Monday, October 28, 2013

October 28, 2013

Well this is all i could think of at the moment but i sold my black ops 2 one time and i was debating for weeks whether i should buy it again or not. What made the choice hard was that i hated the game so much but at the same time i wanted to get it again because it gets fun playing with danny and other people. So i eventually made the decision of buying it again so me danny and a couple of other people could play again. I made my choice by just the fact that i needed something "new" to play and not be bored all the time. 

Monday, October 7, 2013

October 7,2013

If this were to ever happen id go on a rampage and probably kill my aunt. At the same time i would probably feel depressed and a little guilty because i killed my own family member. Id take the whole thing into my own hands because i probably wouldnt have enough evidence to prove it. 

Tuesday, October 1, 2013

October 1st, 2013

Theres probably a whole lot of things id do before i die. I wish i could learn some HARDCORE PARKOUR!!!!! I always thought learning parkour would come in handy one day and plus it looks pretty cool. I want to learn a fighting style specifically capoeira. I would also do something differently like not fail freshman year. Id make amends with some people that ive hurt. Id probably make better decisions in school. Id sign up for the call of duty MLG pro competitions. Id want to start my own career as a game designer. 

Tuesday, September 24, 2013

September 24, 2013

If i was a soldier that just came back home i think id be struggling with missing my family. Id have some trouble coping with seeing people die. Its a very traumatic experience to watch someone die. My friend billy bob thorton got shot in the neck and i had to help patch the wound but i just couldnt save him. He died in 20 seconds. Everybody i knew that went in before the war died after the war. There was blood everywhere.... Gunshots...screaming. I just couldnt cope with the fact that my friend dolphin dived into a mine. Its really tough for me to try and come back without trying to watch everything all at once.

Monday, September 23, 2013

September 23, 2013

Well one time when i went to the buffet with danny we were supposed to be civilized human beings. Eventually when we got there all hell broke lose. I didnt even expect anything that happened on friday to happen. One incident was when i went to go up and get food and some random ass person bumped into me and i dropped all my fries. After that i went back to my table and didnt eat for the rest of the night. Another incident that happened is when i thought i had my straw in my hand but actually was my fork and i ended up putting it into my cup... Didnt drink from it the rest of the night. But overall i had alot of fun.
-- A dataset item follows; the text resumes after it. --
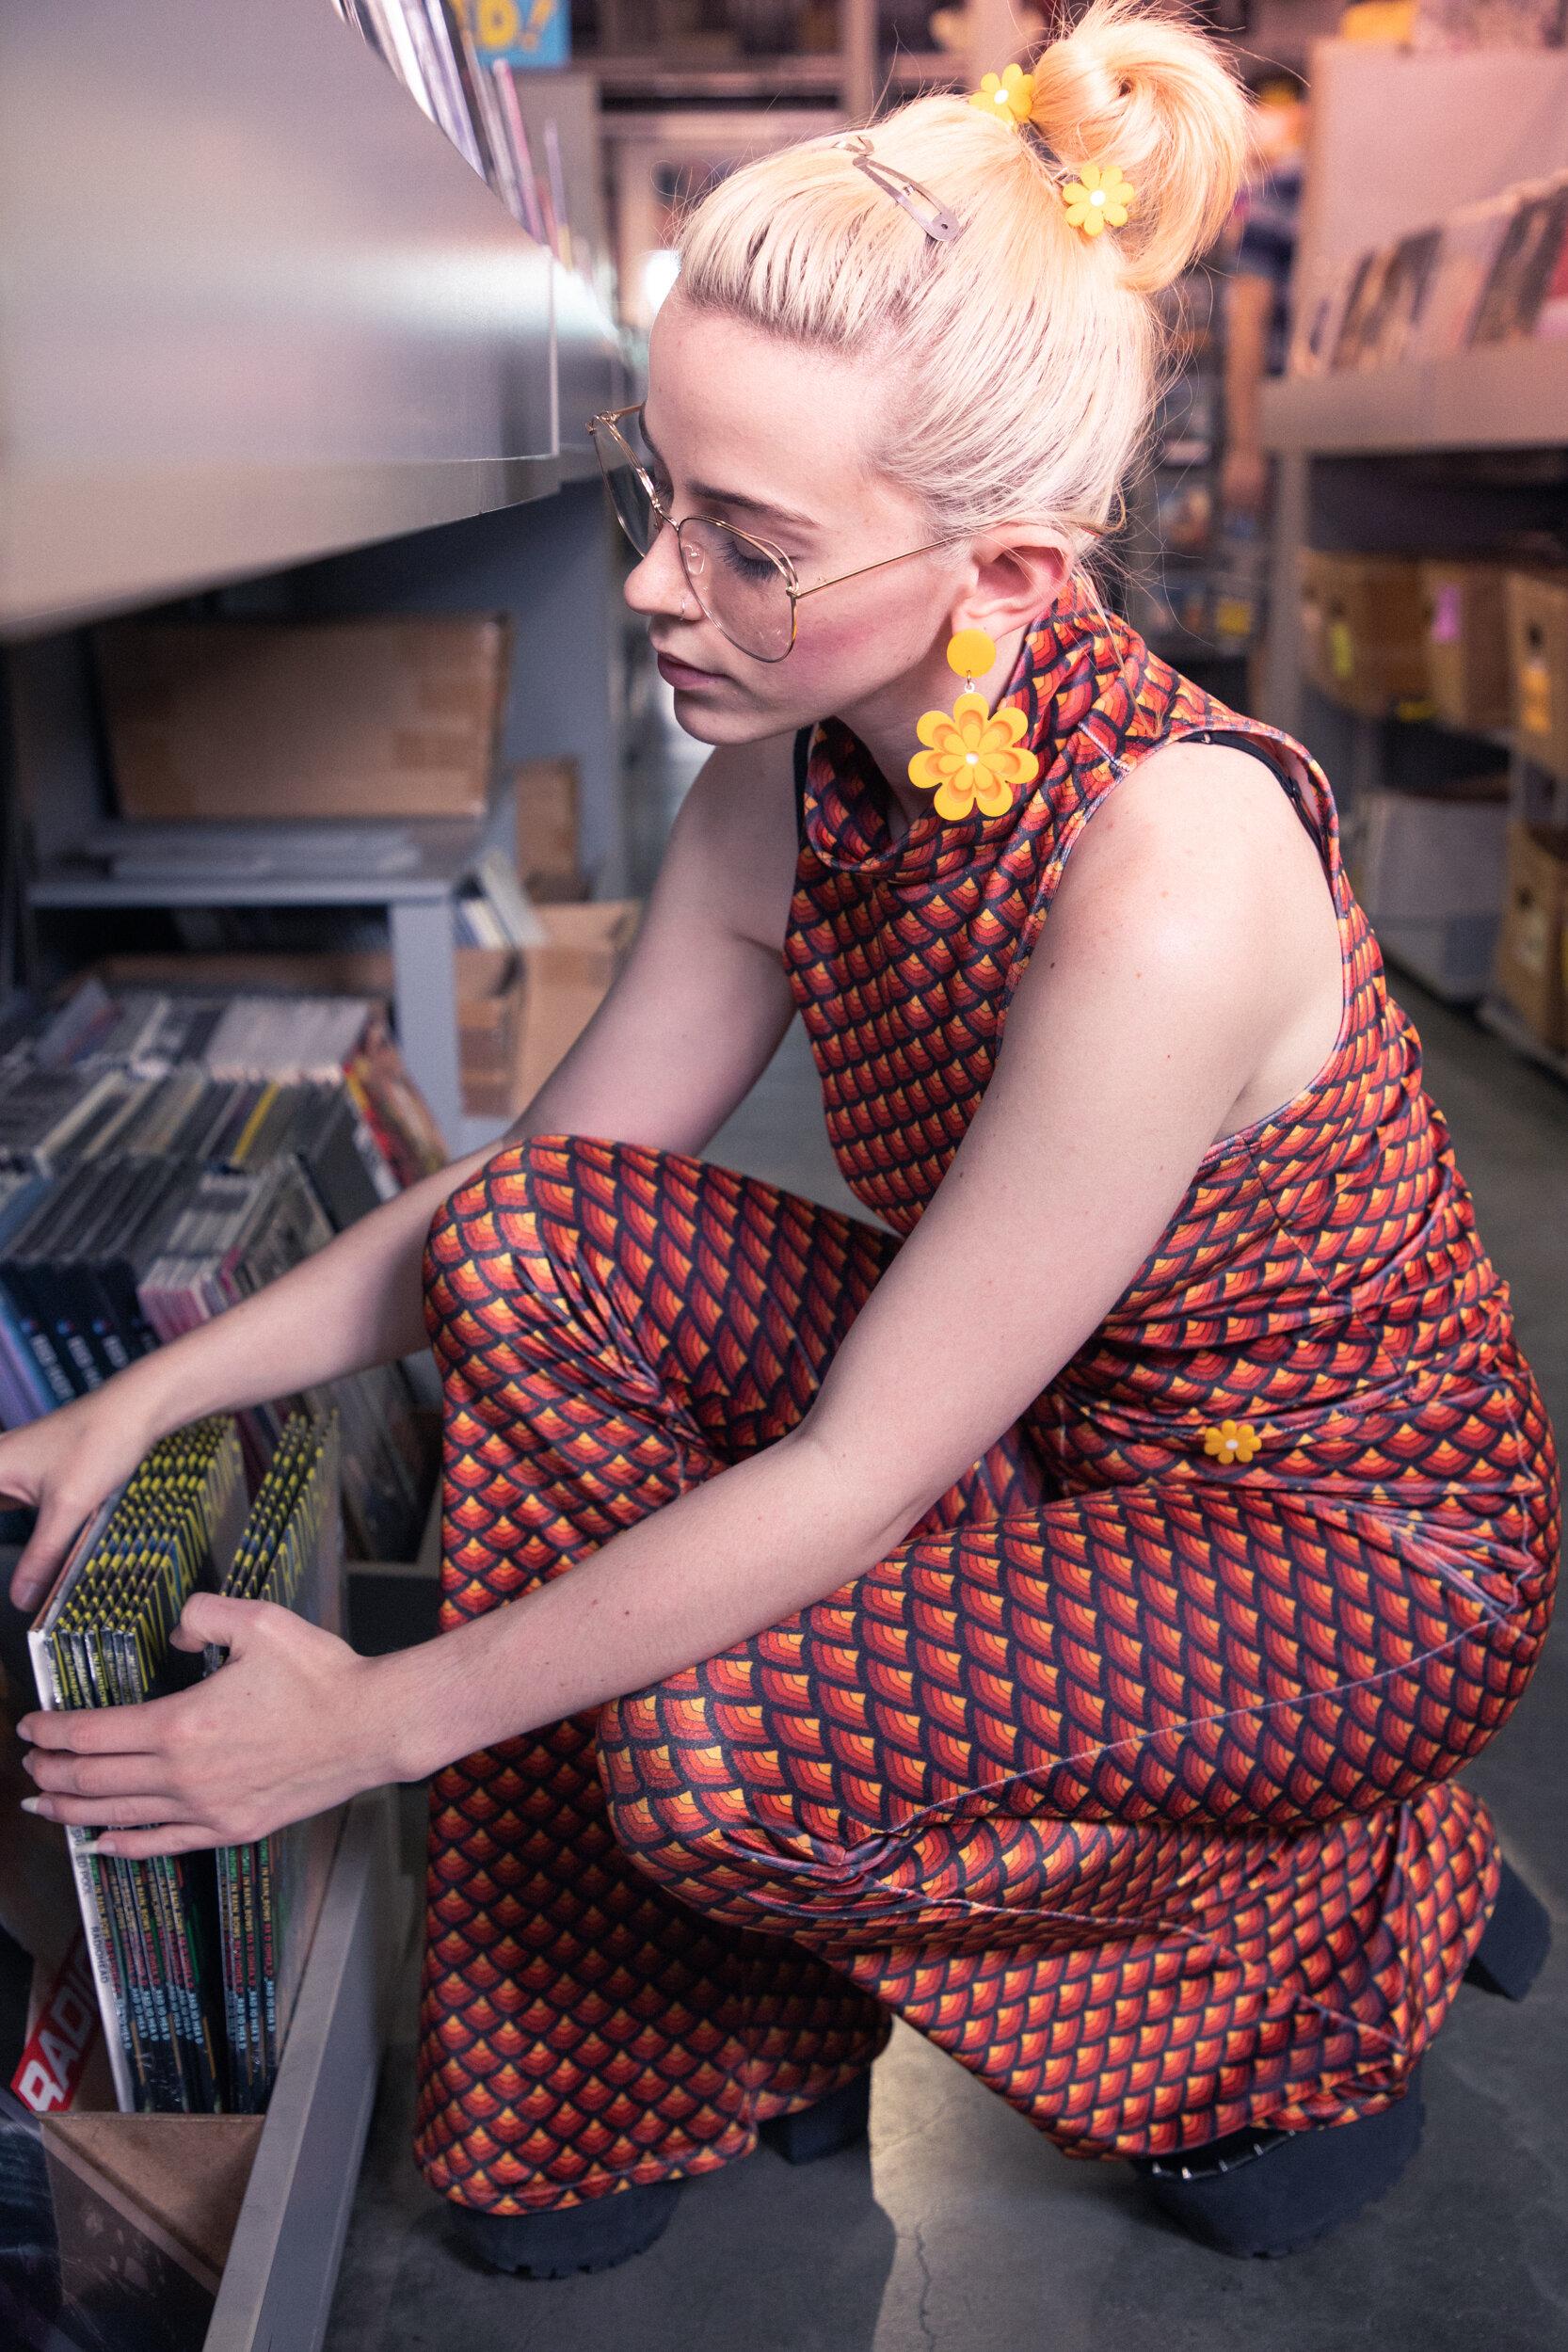 MindFlowers_Candy_Daisy_Amoeba_Fashion_LookBook-5.jpg
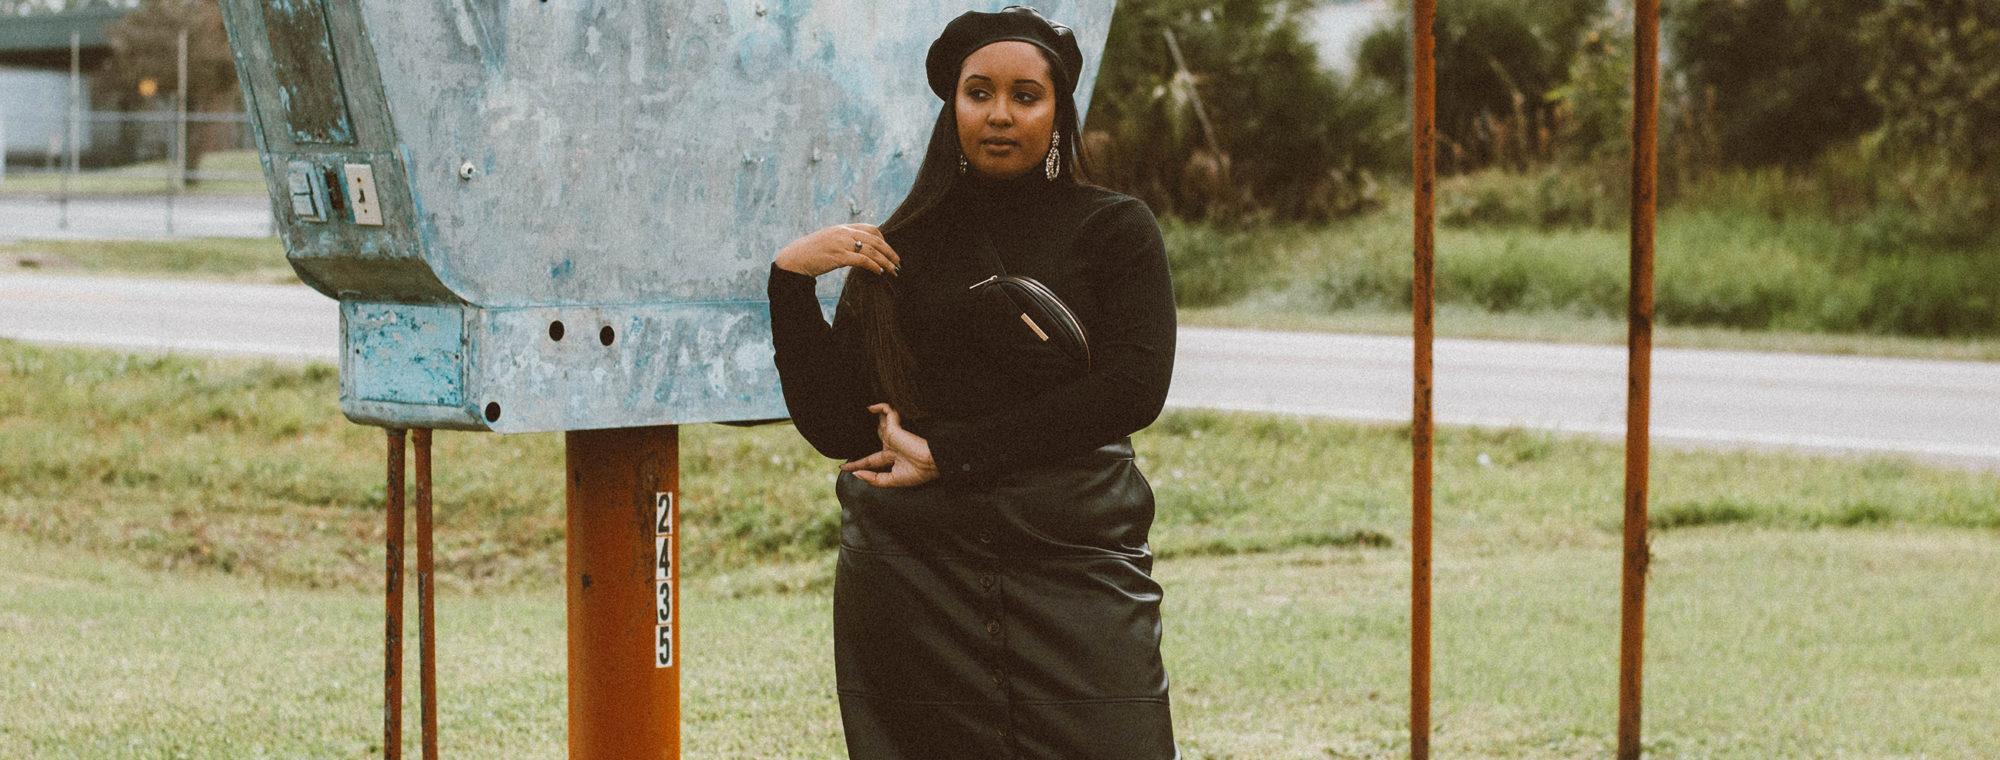 The Black Leather Midi Skirt

Thursday, September 19, 2013

September 19, 2013

I think this article is SO true. I feel that women always do actually care about others feelings without being straight forward. Even though i didnt read the whole thing i think the parts that we read were spot on. I have to agree with the men side too because im sorta like that ill tell someone straight forward withiut sugar coating it. Some people call it rude and that is also true in the article usually people think being straight forward and speaking from your mind is being rude but it really isnt. People always want to hear what they want to hear. So being straight forward to people usually throws them off and think its rude because theyre used to people sugar coating the truth. Women language is very different from the men language in multiple ways. They are very emotional when speaking to a man. Men are just straight forward without caring or showing emotion at all.

Wednesday, September 18, 2013

September 18, 2013

She most likely wants him to be quiet because she cant decide on what she wants to do. She might also want him to stop talking because she doesnt really want to talk about. He puts pressure on her to have it but tells her otherwise. The man wants to keep traveling but he cant do that if she has the baby. Not that its a bad thing but she wants him to commit. He enjoys the life they have,traveling, but if they have the baby he probably wont be able to keep traveling.